Die Volkswirtschaftslehre beschäftigt sich mit der Frage, wie eine Gesellschaft mit ihren knappen Ressourcen umgeht. So muss eine Gesellschaft z.B. entscheiden, wie viel ihres Bodens sie als Industrie- und wie viel sie als Naturschutzgebiete ausweist. Will eine Gesellschaft Wachstum um jeden Preis, oder ist ihr der Umweltschutz ein Anliegen? Arbeitskräfte benötigen Jobs: Wer soll in der Landwirtschaft und wer in der Telekommunikation arbeiten? Finden überhaupt alle eine Arbeit? Wer bekommt den Kredit, die neugegründete Softwarefirma oder das etablierte Stahlunternehmen? Sind die Güter einmal produziert, müssen sie verteilt werden: Wer zieht in die Villa und wer in die Sozialwohnung? Wer darf im Krankenhaus ins Einbettzimmer, und wer muss mit der allgemeinen Klasse Vorlieb nehmen?

Derartige Entscheidungen werden durch das Zusammenspiel vieler Individuen getroffen. Entsprechend analysiert die Volkswirtschaftslehre zunächst die Entscheidungen der einzelnen Wirtschaftseinheiten, d.h. der Haushalte und der Firmen. Welche Güter kaufen Haushalte, und wie viel sparen sie? Legen sie ihr Erspartes auf das Sparkonto, oder aber kaufen sie Aktien? Wann investieren Firmen, und wie viele neue Arbeitskräfte stellen sie ein? In einem nächsten Schritt untersucht die Volkswirtschaftslehre, wie diese Vielzahl von Entscheidungen miteinander koordiniert wird. So stehen sich auf dem Arbeitsmarkt die Haushalte als Anbieter und die Unternehmen als Nachfrager gegenüber und bestimmen den Lohn. Mit diesem Lohn als Einkommen kaufen die Haushalte die Güter der Firmen, wodurch letztendlich die Güterpreise bestimmt werden.

Schließlich betrachtet die Volkswirtschaftslehre die Wirtschaft als Ganzes aus der Vogelperspektive, um gesamtwirtschaftliche Probleme des Wachstums, der Arbeitslosigkeit, des Geldwertes und des Außenhandels zu lösen. Wie wirkt sich die Einführung des Euros auf den US-Dollar aus? Führt die Globalisierung wirklich zu mehr Wachstum oder doch nur zur Verdrängung einheimischer Firmen? Wie können die Entwicklungsländer zu den industrialisierten Staaten aufschließen?

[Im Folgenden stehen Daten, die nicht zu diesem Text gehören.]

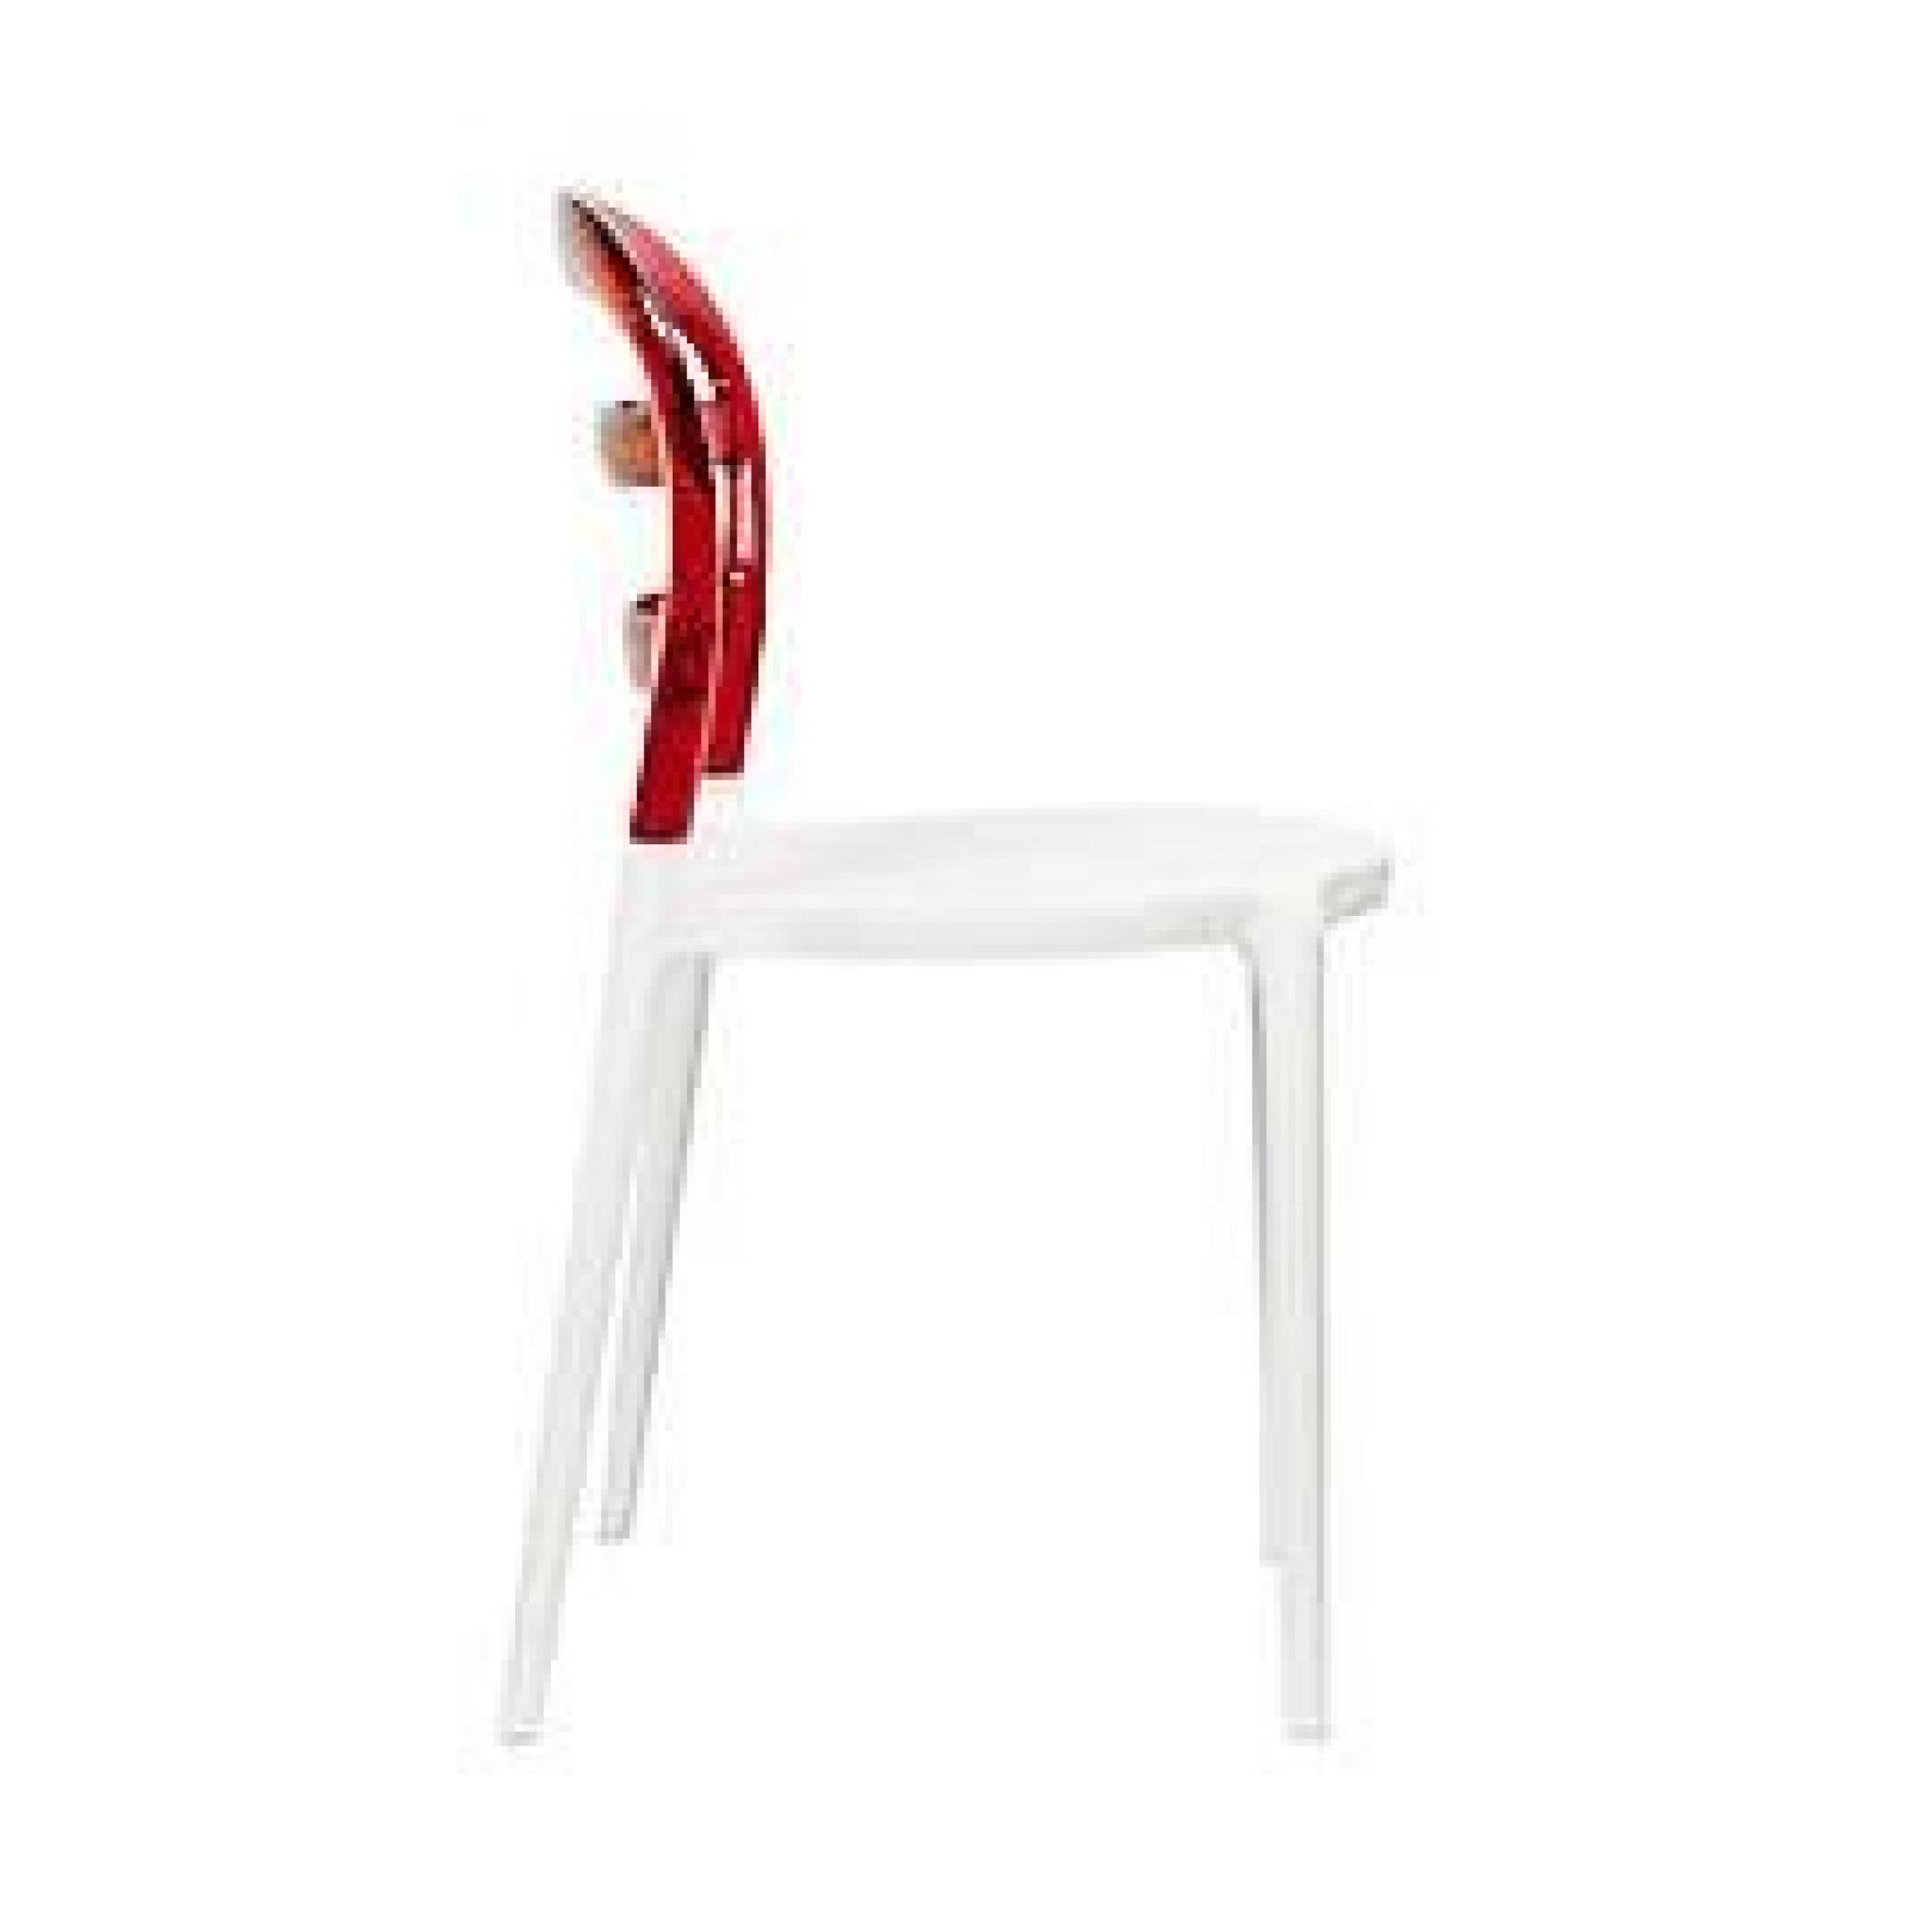 NEO - Chaise en polypropylene rouge transparent

Vernetztes Denken für eine komplexe Realität

Wer bei der Lösung der oben aufgeführten Fragen und Probleme mitarbeiten will, wird auf ein Studium der Volkswirtschaftslehre nicht verzichten können. Ein volkswirtschaftliches Studium ermöglicht ein umfassendes und wissenschaftlich fundiertes Verständnis der großen Gesellschaftsfragen der Gegenwart. Regierungen stützen sich regelmäßig bei der Entwicklung ihrer Politik auf die Analysen und Empfehlungen von Volkswirten. Die wichtigsten wirtschaftspolitischen Berater von Regierungen, die großen internationalen Entwicklungsorganisationen (z.B. UN, Weltbank, Internationaler Währungsfond) sowie die wirtschaftspolitischen Expertenkommissionen, setzen sich zum Großteil aus Volkswirten zusammen.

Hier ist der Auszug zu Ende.